Read from many forums that these plugs below can help to give that shine and sparkle to a mix:

1) Kush Claraphonic DSP Mk2 (ilok2 required) @ http://www.thehouseofkush.com/#!plugins/cosa
2) Slate Free Revival (ilok2 required) @ http://www.slatedigital.com/products/revival/
3) Slate Custom Series (ilok2 required) @ http://www.slatedigital.com/products/custom-series/

Don't own Kush and Slate Custom Series tho but I do use the Slate free Revival occasionally. As of now, i hardly use Revival since i bought Acustica Acqua Magenta 2 a "Massive Passive" and it stays on my masterbuss for good


----------



## dannymc (Sep 6, 2015)

Yes one of the senior composers here recommended the Kush Claraphonic and his stuff sounds fantastic. definitely gonna look into that one.


----------



## Maestro1972 (Sep 6, 2015)

tack said:


> A delay _after_ VSS2? Given VSS2 adds early reflections and does the instrument positioning, I'd have thought a delay after this point would sound very unnatural. Will have to experiment with that idea.


I like the Sample Modeling Brass which we all know are very dry. I use VSS2 for positioning and just a smidgen of delay ads a little of width.


----------



## tack (Sep 6, 2015)

Maestro1972 said:


> I like the Sample Modeling Brass which we all know are very dry. I use VSS2 for positioning and just a smidgen of delay ads a little of width.


But I thought what delay accomplishes is to simulate early reflections, which VSS2 adds in already?


----------



## rayinstirling (Sep 6, 2015)

Before going crazy with the icing on your cake tell us, how do you monitor your mix? Are you getting the best reference on playback to your ears by whatever means you have at your disposal? I don't mean spending a fortune on a new monitoring system but just, the one you have is setup the best it can be. Only then can you dabble with widening or narrowing effects in the certain knowledge it probably will work in most listening situations.


----------



## dannymc (Sep 6, 2015)

> Before going crazy with the icing on your cake tell us, how do you monitor your mix? Are you getting the best reference on playback to your ears by whatever means you have at your disposal? I don't mean spending a fortune on a new monitoring system but just, the one you have is setup the best it can be. Only then can you dabble with widening or narrowing effects in the certain knowledge it probably will work in most listening situations.



hi rayinstirling, at the moment i only have the option of doing final mix downs using headphones, Sennheisers HD600's. then i use a mixture of different sound sources for referencing such as HD219s, small sony earbuds, car stereo, mp3 player, and just taking notes on each and making the relevant adjusts so its sounds good on all sources. i know this is not ideal but without monitors it helps me get the best results i can. i guess you're gonna suggest i'd be wasting my cash on this stuff without getting a set of good monitors & room treatment first right?


----------



## Maestro1972 (Sep 6, 2015)

tack said:


> But I thought what delay accomplishes is to simulate early reflections, which VSS2 adds in already?

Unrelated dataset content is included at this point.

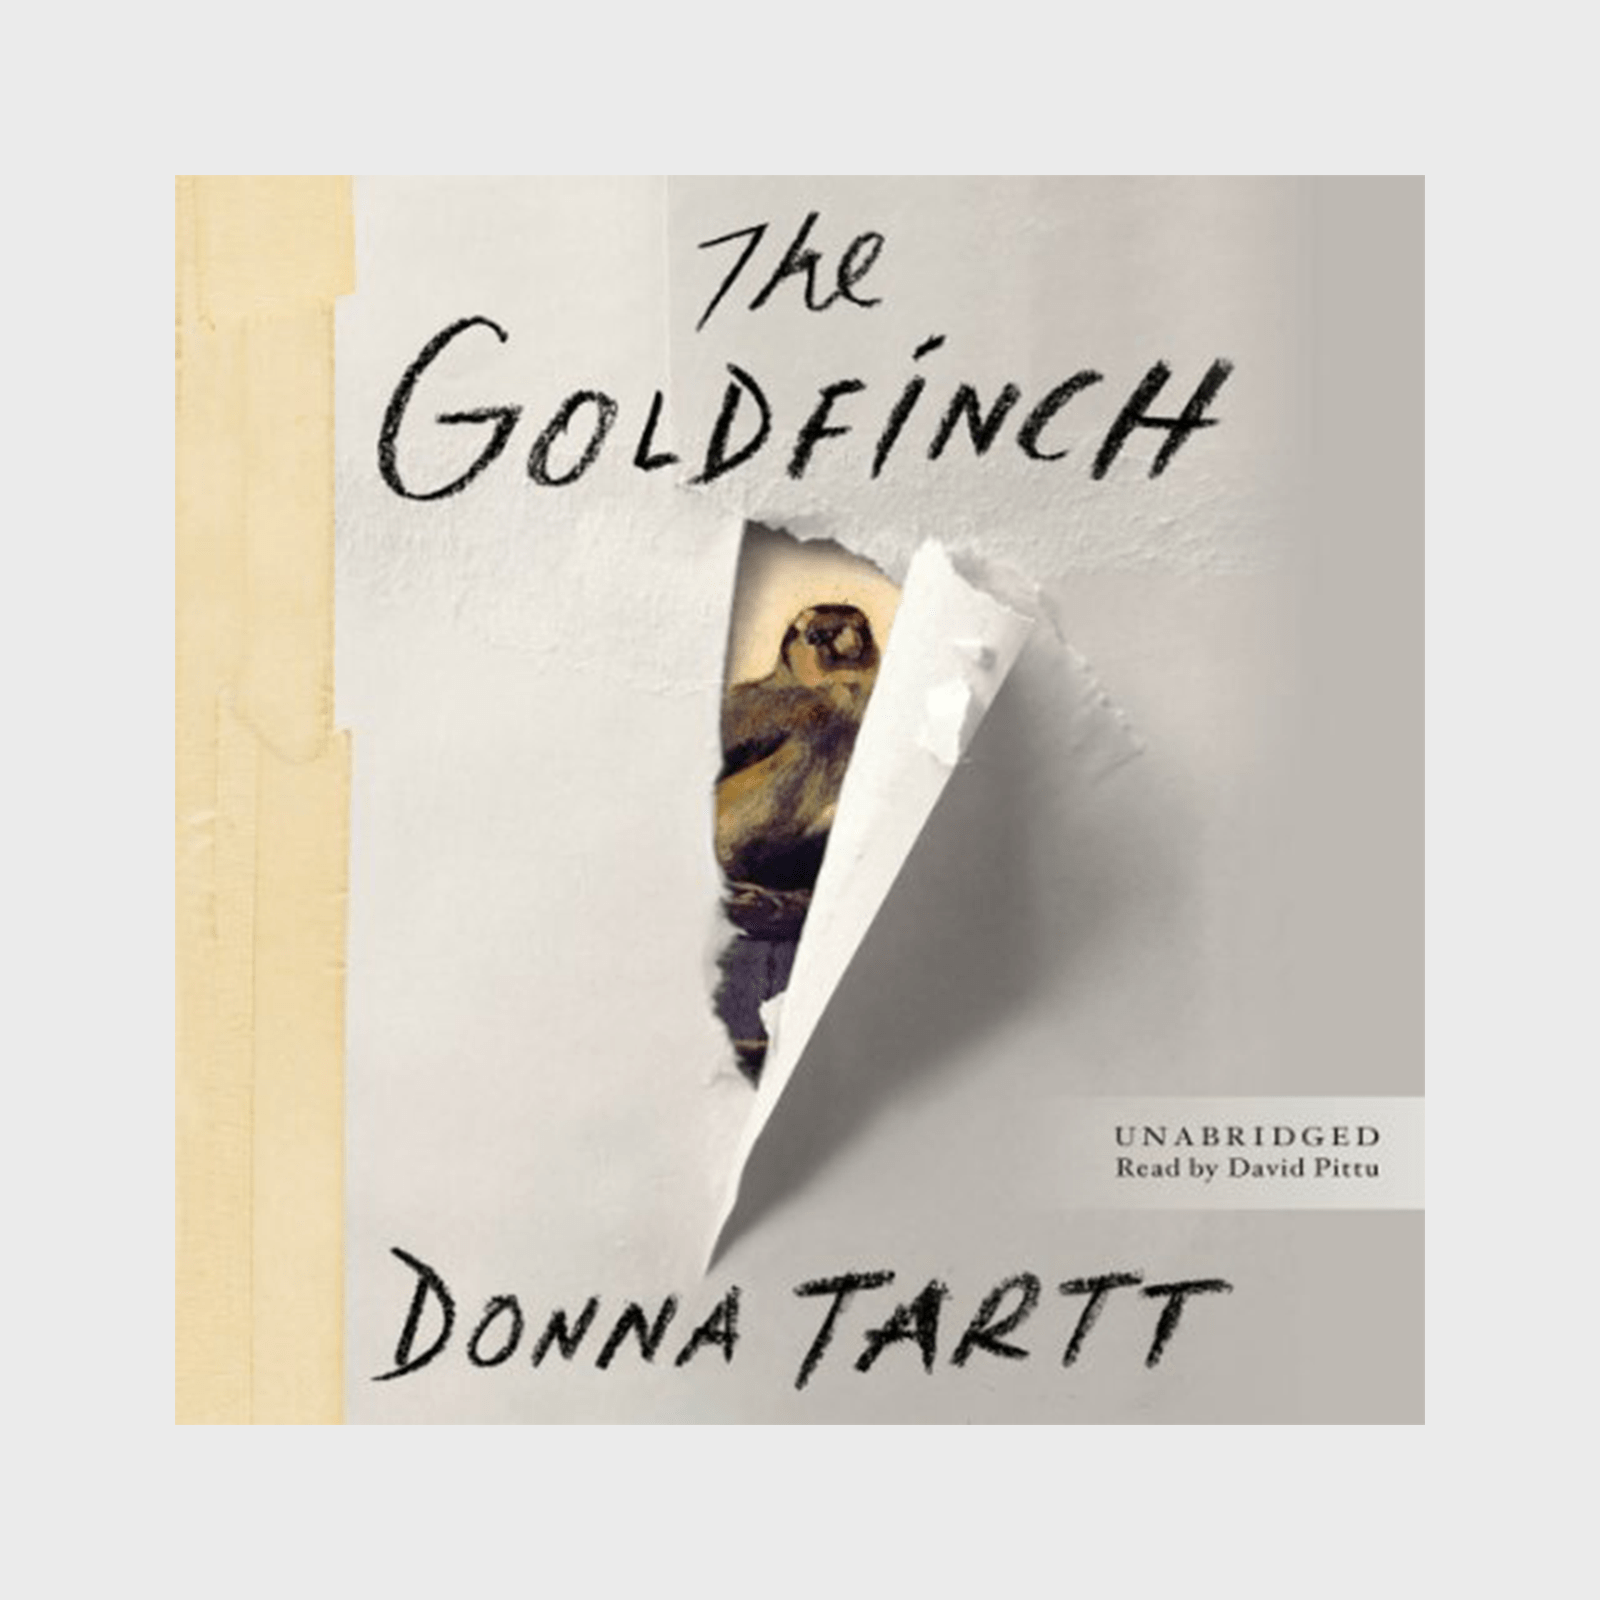 <h3><strong><em>The Goldfinch </em>by Donna Tartt</strong></h3> <p>This coming-of-age novel won the Pulitzer Prize for fiction in 2014—and if you haven't had time to read it, try listening to it, because it's also one of the best audiobooks in literary fiction. A haunting story that begins with a bombing at the Metropolitan Museum of Art, and a boy who survives along with the title painting, the acclaimed audiobook lets you take Donna Tartt's crystalline prose and intricate storytelling on the go. Winner of Audie Awards for Solo Narration-Male and Literary Fiction, <a href="https://www.amazon.com/The-Goldfinch-Donna-Tartt-audiobook/dp/B00ELMSEJC/" rel="noopener noreferrer"><em>The Goldfinch</em></a> is narrated by actor David Pittu.</p> <p class="listicle-page__cta-button-shop"><a class="shop-btn" href="https://www.amazon.com/The-Goldfinch-Donna-Tartt-audiobook/dp/B00ELMSEJC/">Shop Now</a></p>

I believe what you are saying is correct. Mind you that I am really out of my league when it comes to ALL of this. By trial and error I have found that I can set my brass back easily with spaces and vss2. But adding the delay (12.2 ms) gives me a little more room without upsetting the placement or sound quality. It works for me.


----------



## rayinstirling (Sep 6, 2015)

Danny,
You'll get 101 differing answers to the optimum monitoring setup here in VI but, I only know what works for me in my room with my resources.
I only use headphones for checking how things will sound on headphones but I know lots of folks who don't have the accommodating family or neighbors willing to put up with the noise (especially when we go over the same few bars a hundred times ) coming from our music/studio rooms. We've just got to make the best of it. I suppose you've just got to train your ears on the best examples of pro tracks similar to the music you wish to create through whatever system you have and eventually be able to get near matching that sound.
Yes, I know that isn't necessarily very helpful but, there are no magic pills. At least, not until you've mastered the everyday pills. I found that out the expensive way.

Ray


----------



## dannymc (Sep 6, 2015)

rayinstirling,

to be honest the more final productions/compositions i listen too from those who swear by good monitors and the more i continue to struggle with achieving a sound i'm happy with from headphones alone, i have to say i'm coming around to the conclusion that good studio monitors are invaluable in achieving the sound i want. granted i'm not doing this very long, but i've good enough ears to know what sounds big and clean and what sounds muddy and distorted. i think i'm going to start looking into listening to different sets of monitors in speaker shops and look into purchasing my first set that my ear likes the sound of. thanks for the advice.


----------



## rayinstirling (Sep 6, 2015)

Danny,
You're not going to know in the shop what a set of speakers will sound like in your room until they are there. Then when you have them in the room finding a position relative to each other and to your listening position where you say, Hey! that sounds just great (relatively speaking). It may be an equilateral triangle and then again it may not but there will be within a reasonable amount of choices somewhere available in that room that just works. In a perfect world you would build a room of the optimum shape and size and treatment and speaker array and, and, and, but, I'm in MY real world where making the best of my situation is all I need.

Ray


----------



## KEnK (Sep 6, 2015)

Explore Mid/Side processing.
Voxengo, Waves, Brainworx and more have excellent plugs for this.
Also check out the Maag Eq for "Air"- very beautiful sound.

k


----------



## dannymc (Sep 6, 2015)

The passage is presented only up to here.